Auf der Anreise zu einem sicheren Nachtquartier wurde die Reisegruppe dann noch von einer Gruppe Yetis überfallen, bevor man die schützenden Mauern der Burg erreichte. Die Bewohner waren etwas primitivere Nordmänner und schon bald mussten die Zauberkundigen feststellen, daß ihre magischen Fähigkeiten hier scheinbar nicht wirkten.

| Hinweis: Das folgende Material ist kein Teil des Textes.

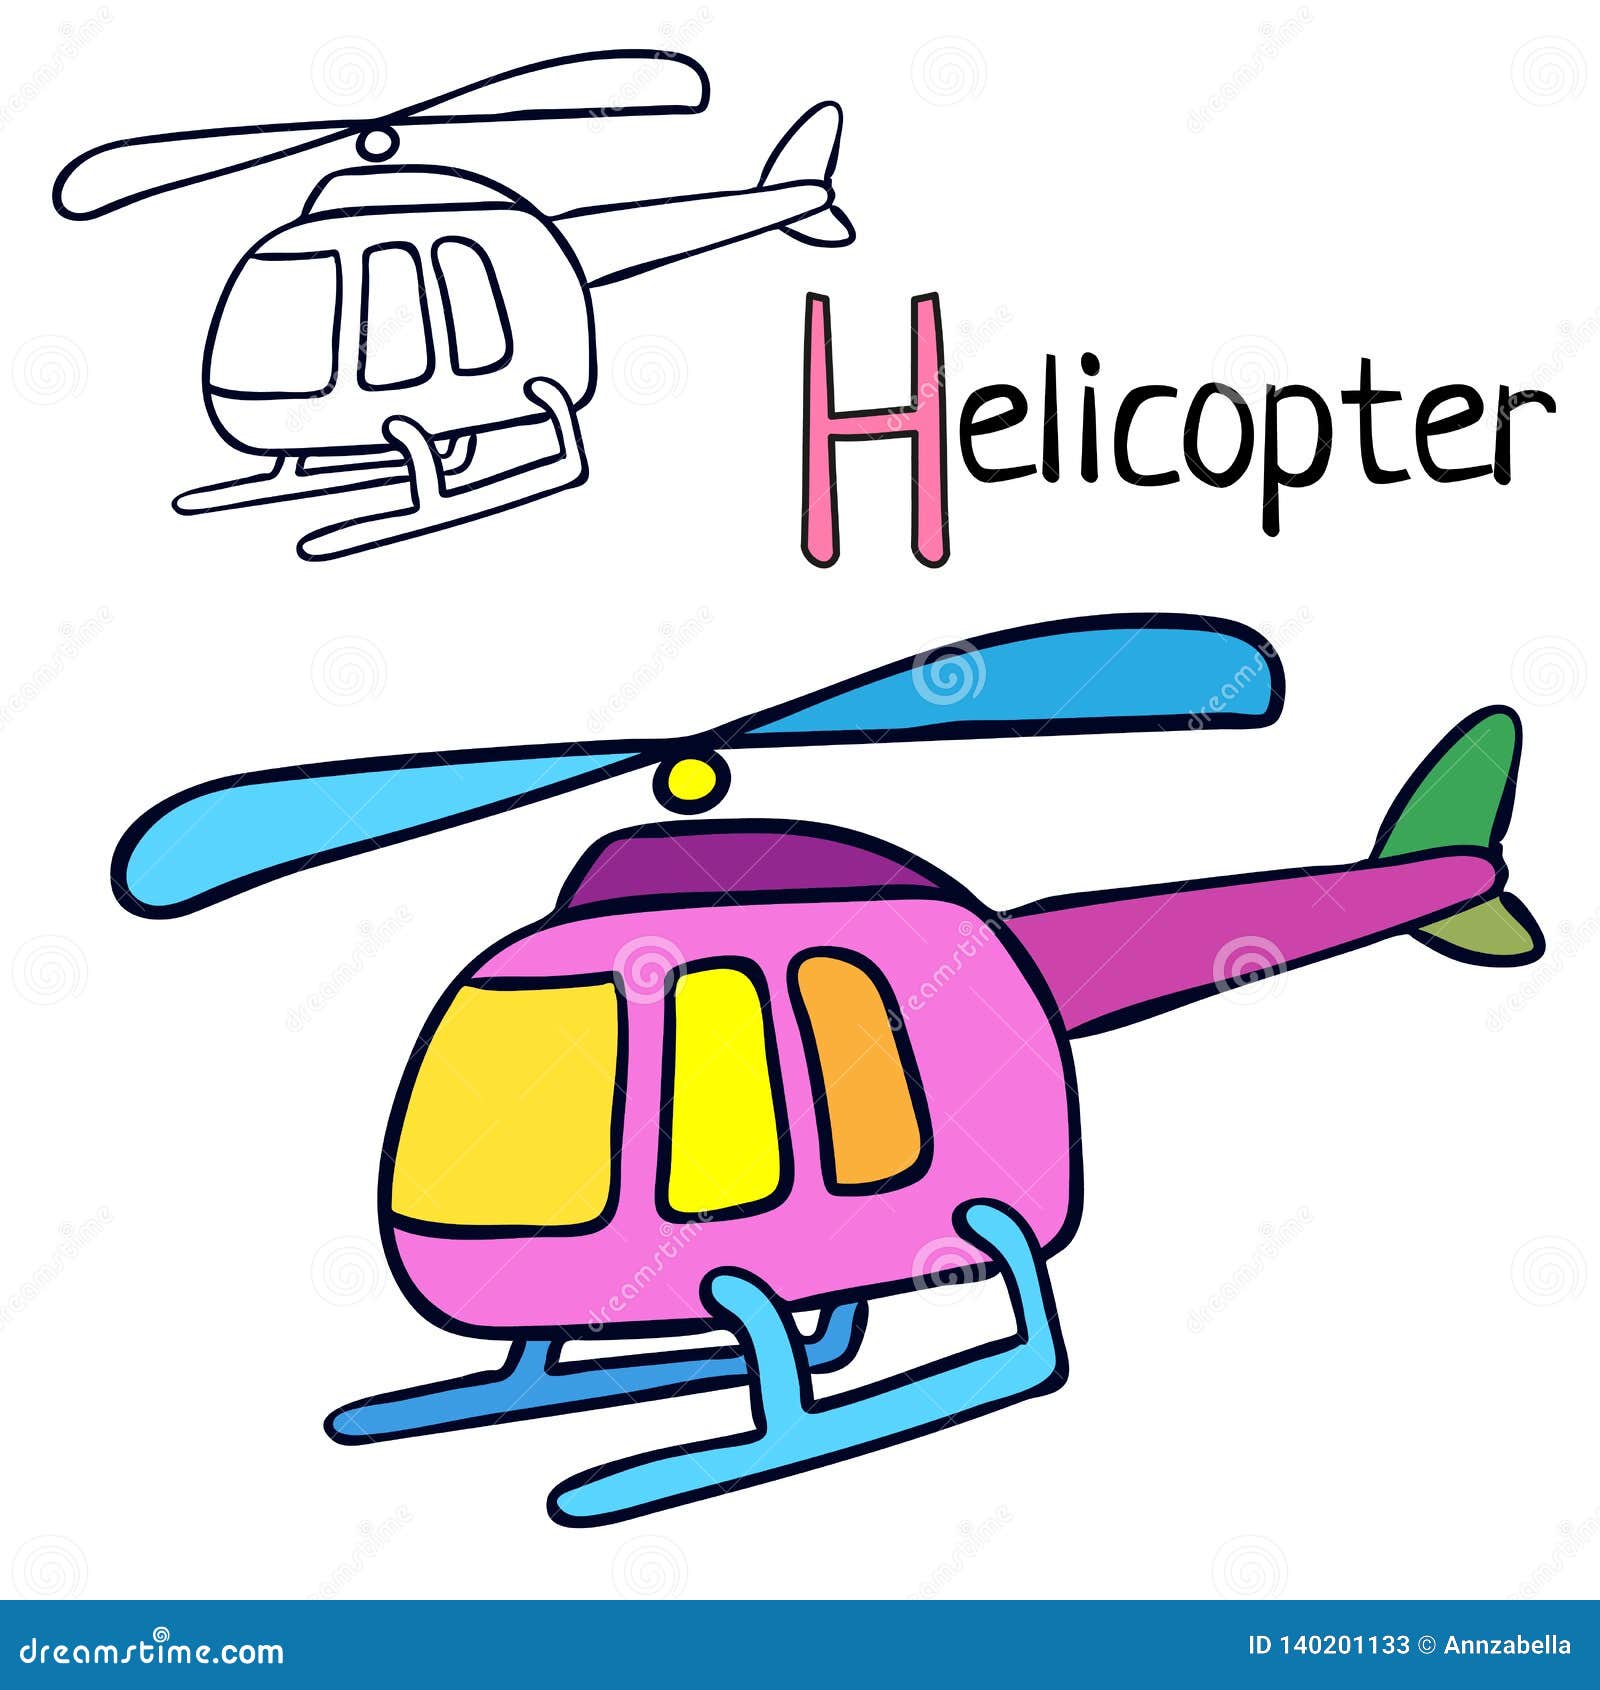 Helicopter. Coloring Book Page Stock Vector   Illustration of ...

Deshalb wurde der Ort auch als Gefängnis für magiebegabte Gefangene genutzt. Aus unbekannten Gründen wurden kurz nach dem Eintreffen der Reisenden einige Räume freigesetzt, die bisher von dicken Eiswänden verborgen waren.

Magische Räume die den Elementen geweiht waren und eine geheime Bibliothek. Für die Spieler hieß es in den folgenden Tagen eine Möglichkeit zu finden wieder an die eigenen Zauberkräfte zu gelangen und die Festung gegen Yetis und Untote zu verteidigen. Es galt die Rolle der Gefangenen zu ergründen und das Erscheinen und erstarken dreier Eishexen zu verhindern…

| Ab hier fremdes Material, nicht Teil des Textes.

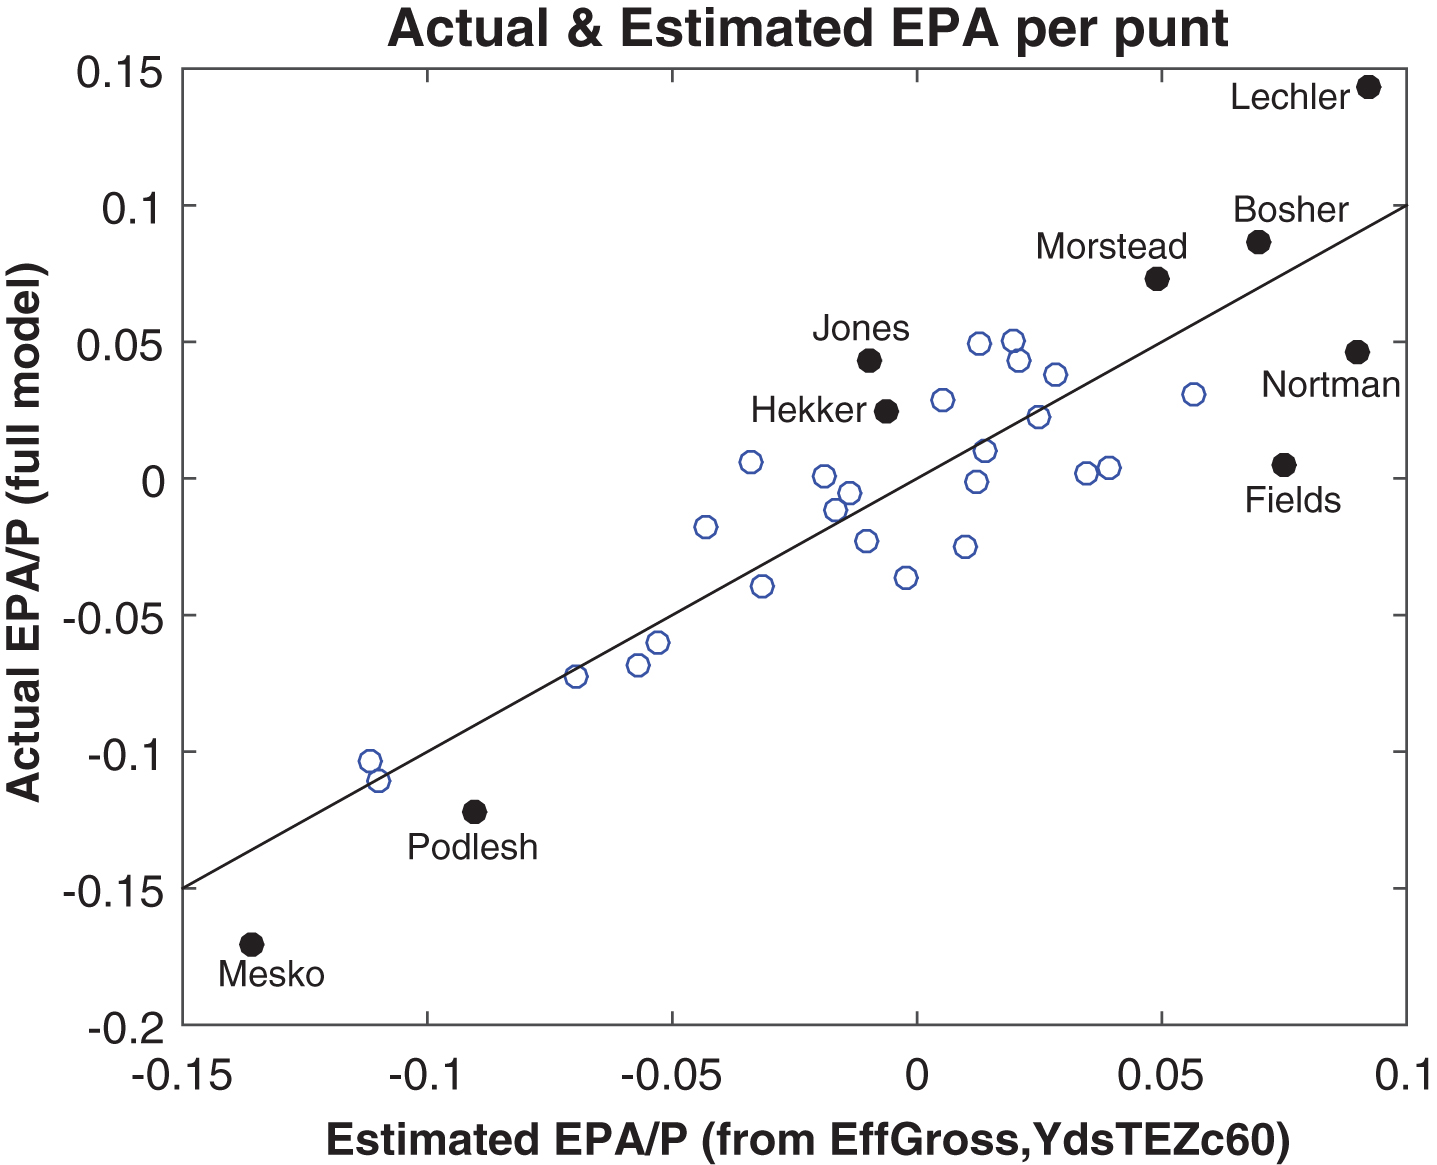 Actual EPA per punt versus an estimate using effective gross and field position, 2013.

Die Story hat mir soweit ganz gut gefallen und die magischen Gefangenen haben mich ein wenig an Harry Potters Gefangene von Askaban erinnert (was wohl durchaus beabsichtigt war).

In der Anfangsansprache hatte die Orga ein wenig darum gebeten sich etwas mehr Zeit fürs Rollenspiel zu nehmen und nicht wie in einem Computerspiel jede Queste nach Liste abzuarbeiten.

Ein Negativpunkt der mir in den letzten Jahren auch an einigen Spielstilen der SC unangenehm aufgefallen war. Ich war der Meinung, daß sich die meisten das ein wenig zu Herzen genommen haben und die Sache etwas mehr Rollenspielbetont angegangen sind.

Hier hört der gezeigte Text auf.